Ma veniamo a un altro tema nevralgico che riguarda le donne e che negli ultimi anni abbiamo sotto gli occhi praticamente tutti i giorni: la violenza di genere. Una tematica tristemente all’ordine del giorno e particolarmente enfatizzata dai media. Che bilancio possiamo darne in un giorno come questo? Su Buone Notizie, ne abbiamo parlato in questo articolo e personalmente avevo già trattato il tema qualche anno fa, spiegando come in realtà – dati alla mano – gli omicidi che hanno le donne come vittime siano diminuiti negli anni. E sottolineando come l’effetto distorsivo, che ci fa pensare a un problema in crescita, sia dato sostanzialmente da due elementi: da una parte, il fatto che gli omicidi che hanno come vittime gli uomini siano diminuiti in modo più marcato, dall’altra il fatto che oggi le donne denuncino molto più di una volta. Più denunce = maggior autocoscienza. Il fatto che, sul piano della percezione, questo si traduca nella sensazione che il fenomeno sia in aumento è un altro paio di maniche e su questo i media hanno pesanti responsabilità.

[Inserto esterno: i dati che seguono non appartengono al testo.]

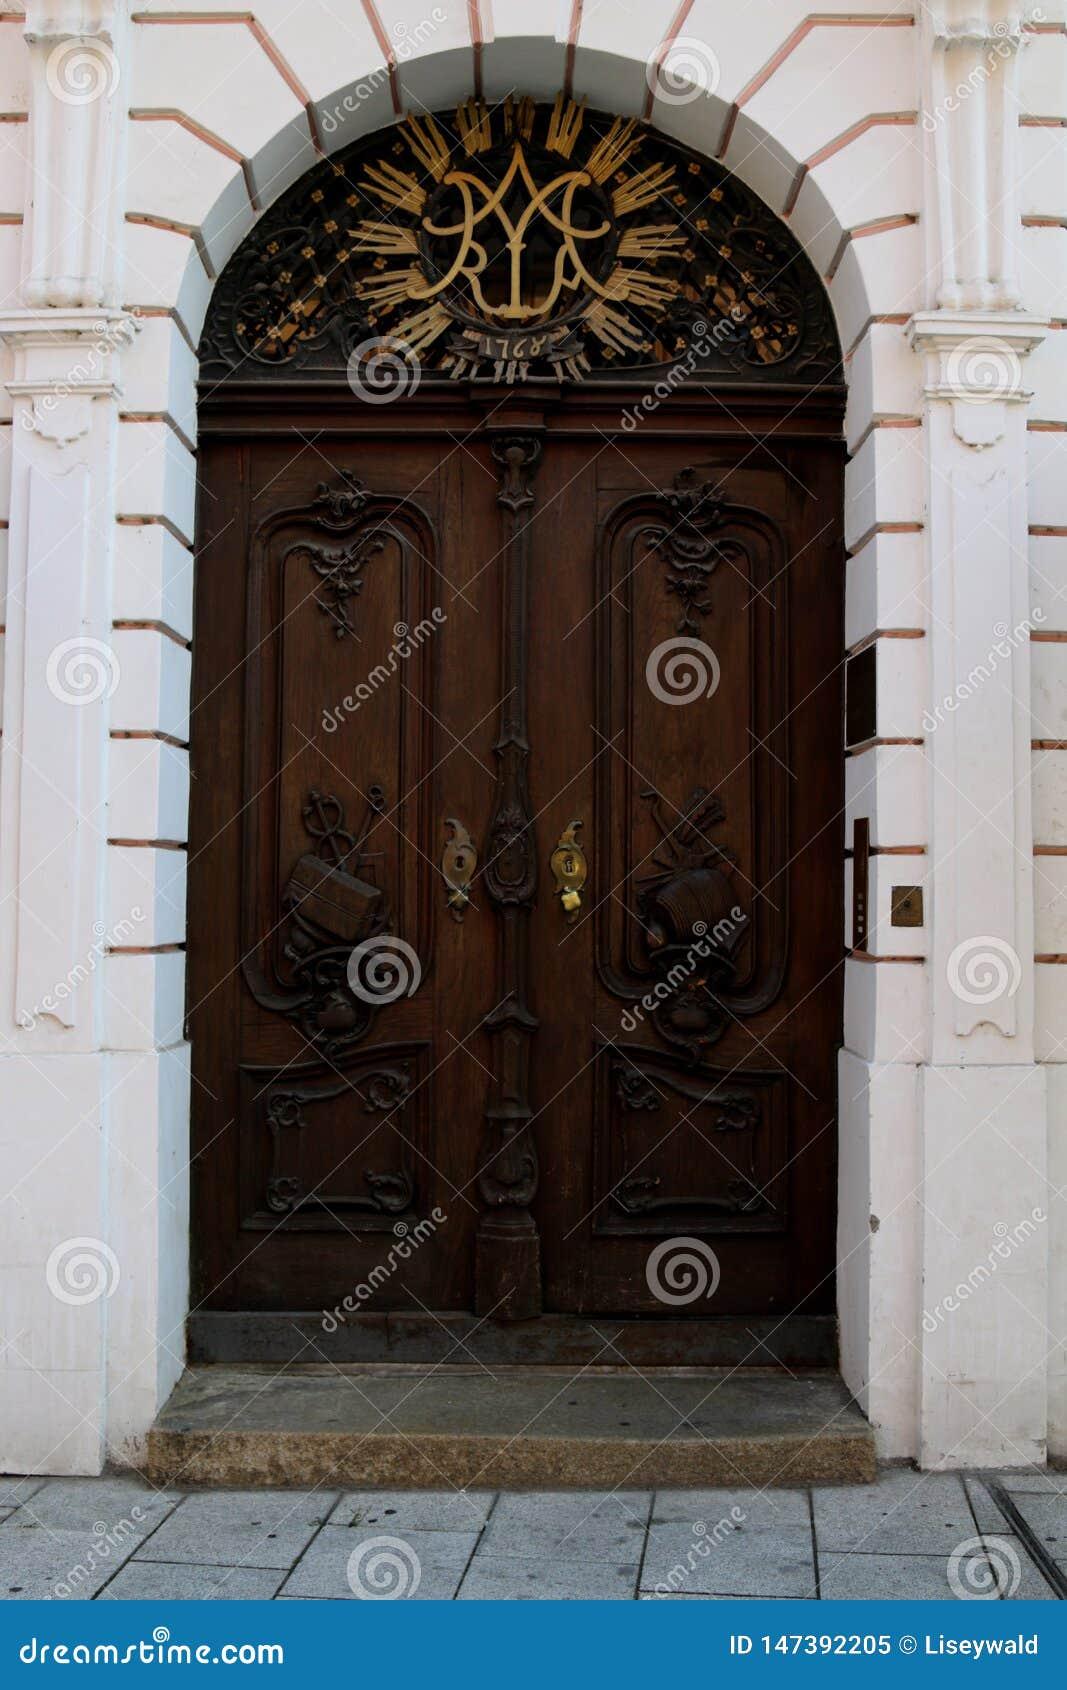 Barokke bruine deur met gouden en zwarte metaalelementen in een roze voorgevel

Che le donne, finalmente, denuncino ciò che fino a pochi anni fa era tenuto sotto silenzio, è un’ottima notizia. Ma questo non basta perché le donne continuano comunque a morire. Ci sono ancora molte cose da cambiare e in questo senso, qualcosa lo potremmo fare anche noi giornalisti spostando il focus dai particolari più sensazionalistici e morbosi ad altre indagini più utili. Trovando cioè altre domande, ad esempio: in quali contesti si denuncia di più e quali fattori hanno contribuito a questo incremento? Si tratta di fattori scalabili in altri contesti e se sì, come? Dove le denunce sono aumentate di meno e perché? Quante denunce rimangono ancora inascoltate e per quali motivi? Quali fasce sociali – e di età – sono più a rischio? Quali sono le iniziative messe in campo dalle donne vittime di violenza per aiutare altre donne? Come protegge la legge i figli delle vittime di femminicidio?

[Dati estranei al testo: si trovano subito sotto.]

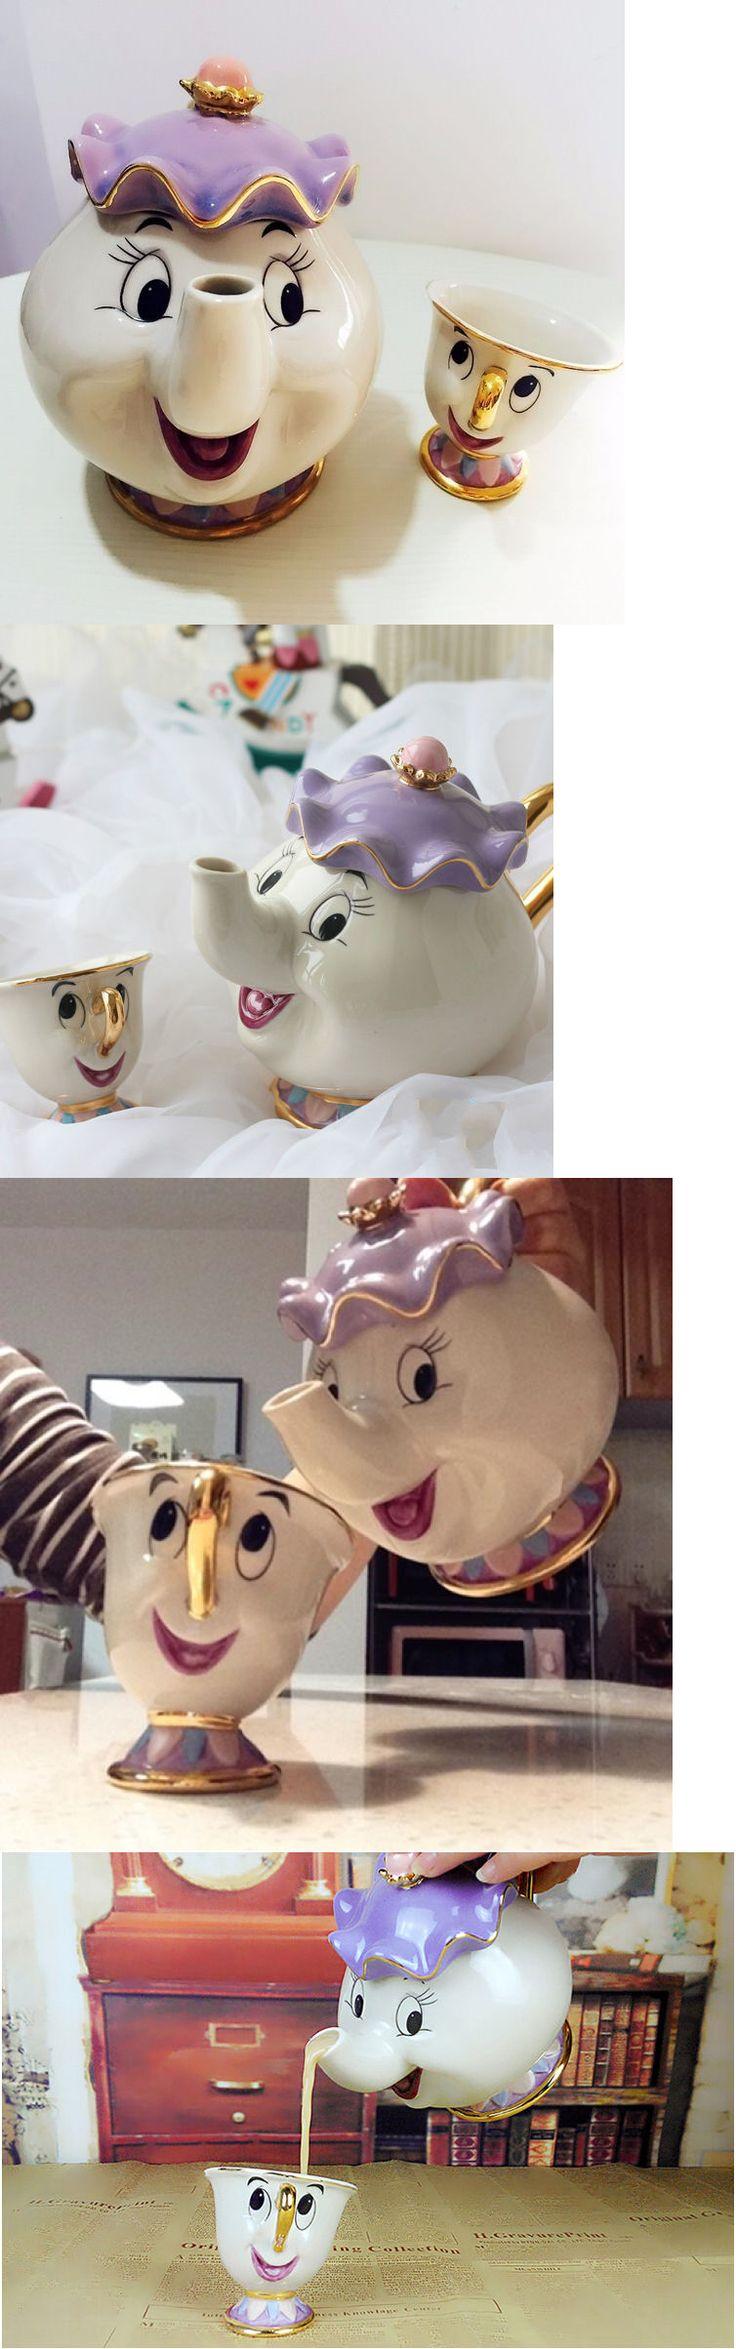 Mrs potts chip christmas decoration - Beauty And The Beast 44033 Cartoon Beauty And The Beast Teapot Mug Mrs Potts Chip

Per amor di brevità, ho portato alla luce solo due problemi ma ovviamente avrei potuto allargare ulteriormente il tiro. Punti in comune di entrambe le problematiche: in ambo i casi non si tratta di realtà a tutto tondo ma di temi in cui aspetti positivi convivono con elementi negativi. Lungi dall’indorare la pillola, come donna credo che il punto sia guardare a entrambi gli aspetti con lucidità prendendo atto di ciò che è già cambiato in meglio e cercando di trasformare ciò che ancora non funziona.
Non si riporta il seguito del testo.